The belief in fairies, sprites, and ghosts ('ghosts' defined as spirits of the once-living) was so deeply embedded that parish priests allowed members of their congregations to continue practices of appeasement even though the Church instructed them to make clear such entities were demonic and not to be trifled with. Rituals involving certain incantations and spells, eating or displaying certain types of vegetables, performing certain acts or wearing a certain type of charm – all pagan practices with a long history – continued to be observed alongside going to Church, veneration of the saints, Christian prayer, confession, and acts of contrition....

In the Late Middle Ages (1300-1500 CE), the Church continued to root out heresy on the large scale by suppressing upstart religious sects, individually by encouraging priests to punish heterodox belief or practice, and by labeling any critic or reformer a 'heretic' outside of God's grace. The peasantry, though nominally orthodox Catholic, continued to observe folk practices and, as scholar Patrick J. Geary notes, "knowledge of Christian belief did not mean that individuals used this knowledge in ways that coincided with officially sanctioned practice" (202). Since a medieval peasant was taught the prayers of the Our Father and Hail Mary in Latin, a language they did not understand, they recited them as incantations to ward off misfortune or bring luck, paying little attention to the importance of the words as understood by the Church. The mass itself, also conducted in Latin, was equally mysterious to the peasantry....

The unending struggle to bring the peasantry in line with orthodoxy eventually relented as practices formerly condemned by the Church – such as astrology, oneirology (the study of dreams), demonology, and the use of talismans and charms – were recognized as significant sources of income. Sales of relics like a saint's toe or a splinter of the True Cross were common and, for a price, a priest could interpret one's dreams, chart one's stars, or name whatever demon was preventing a good marriage for one's son or daughter..."


Who won in this instance? It seems like despite all the work the Church has tried to keep people in line with Orthodox Christian practices; it cannot be done, and Pagan Folk beliefs always win out.

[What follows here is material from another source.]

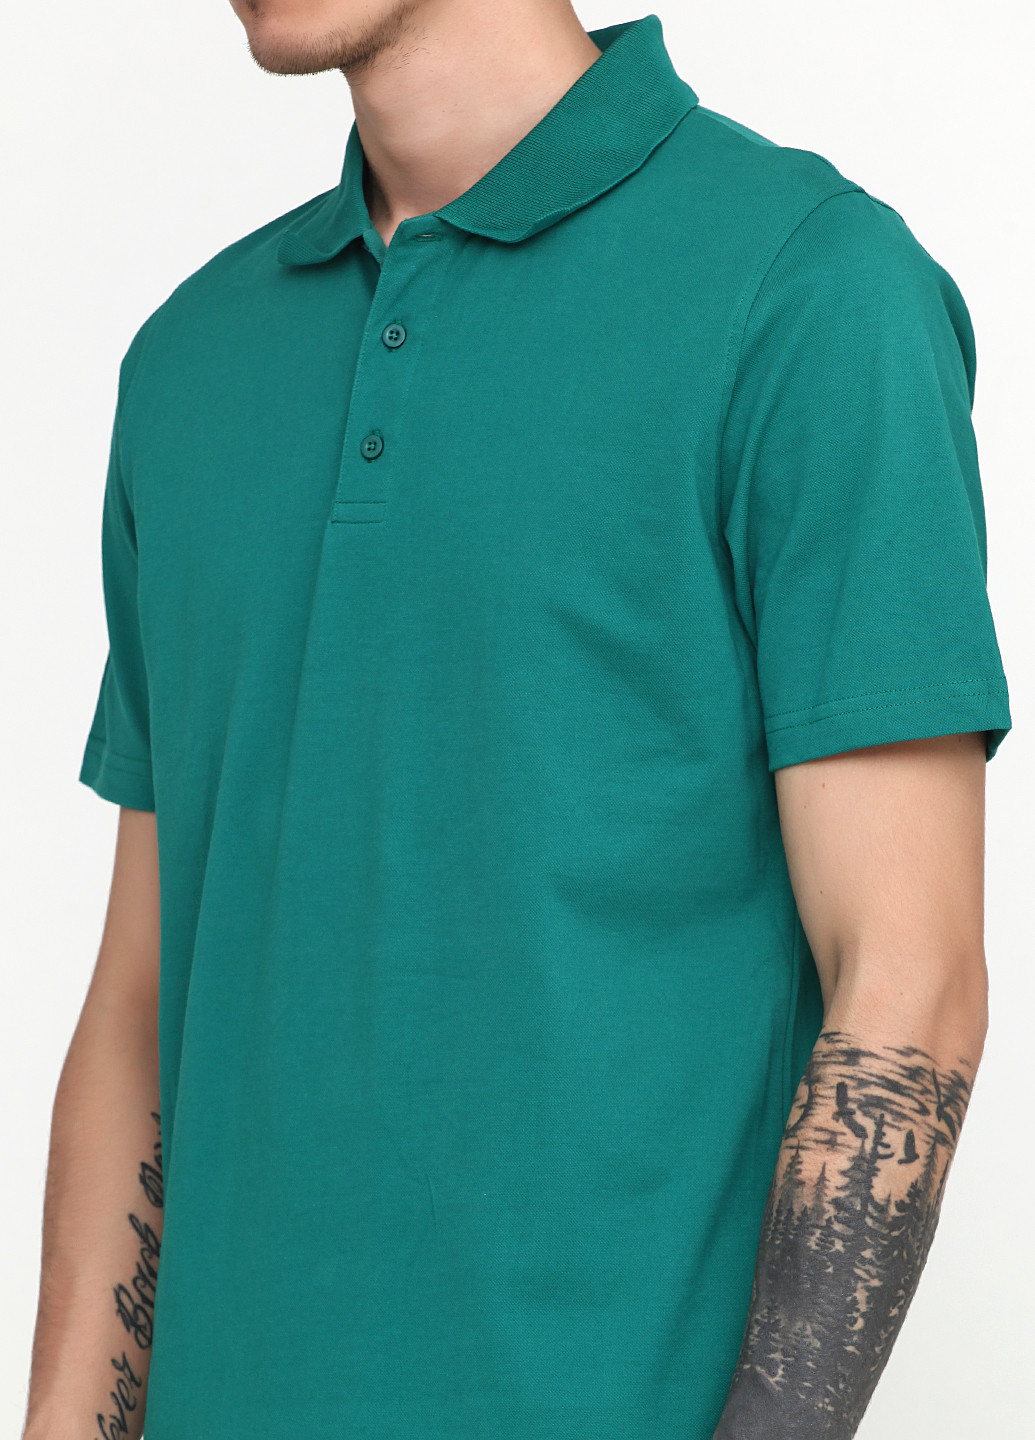 Зеленая футболка-поло для мужчин Belika однотонная

(Number of adherents does not equal the true number of Orthodox believers).
Graham Robb's The Discovery of France makes the following report of remote parts of rural France in the mid-19th century ─

In most people’s minds, the [village priest] was supposed to be useful, like a doctor, a snake-catcher or a witch. He should be willing to write inaccurate letters of recommendation, to read the newspaper and to explain government decrees. He should also be able to pull strings in the spirit world, influence the weather and cure people and animals of rabies. [...] Naturally, this put the priest in a tricky position. If he refused to ring the bells to prevent a hailstorm, he was useless. If he rang the bells and it hailed anyway, he was inept. In 1874, the curé of the Limousin village of Burgnac refused to join a ‘pagan’ harvest procession. It duly hailed, the harvest was lost, and the curé had to be rescued from an angry crowd. [...]​

If his magic powers were weak, the priest would be seen as a busybody and a kill-joy. No one took kindly to an outsider who tried to stop people feasting in the cemetery, chatting and walking about during mass and bringing their animals into church to be blessed.​

He also mentions villagers threatening violence to their new priest because he (unlike his predecessor) wouldn't baptize their cattle; and states that they thought God and Jesus were useless since Mary held the keys to heaven and was the center of their devotion. One village church had a statue of Samson, and the moss growing on his penis was highly esteemed as an aid to fertility, the organ being diminished over time by the scraping. Indeed, there were many many things about fertility that tended to shock outsiders.
 

Glaurung

Denizen of Niflheim
Mantras by rote (Hail Marys, for example) lost their meaning. They remind me of first graders who are forced to say the pledge of allegiance. Many people want to force kids to say it, because they say that they are pledging to help America. But, most kids don't know what the words mean.
Having recourse to set prayers is really useful. Of course, true prayer assumes that whatever prayer you recite is recited with attention and conviction.

The Mafia counts rosary beads and says Hail Marys (before and after they do evil). It is a way of fixing the evil that they did (or intend to do). I don't think that forgiveness works that way. I think that atonement is necessary, and that means that one has no intent to ever do the foul deed again.
I wouldn't take professional criminals as role model Catholics. This should be pretty basic.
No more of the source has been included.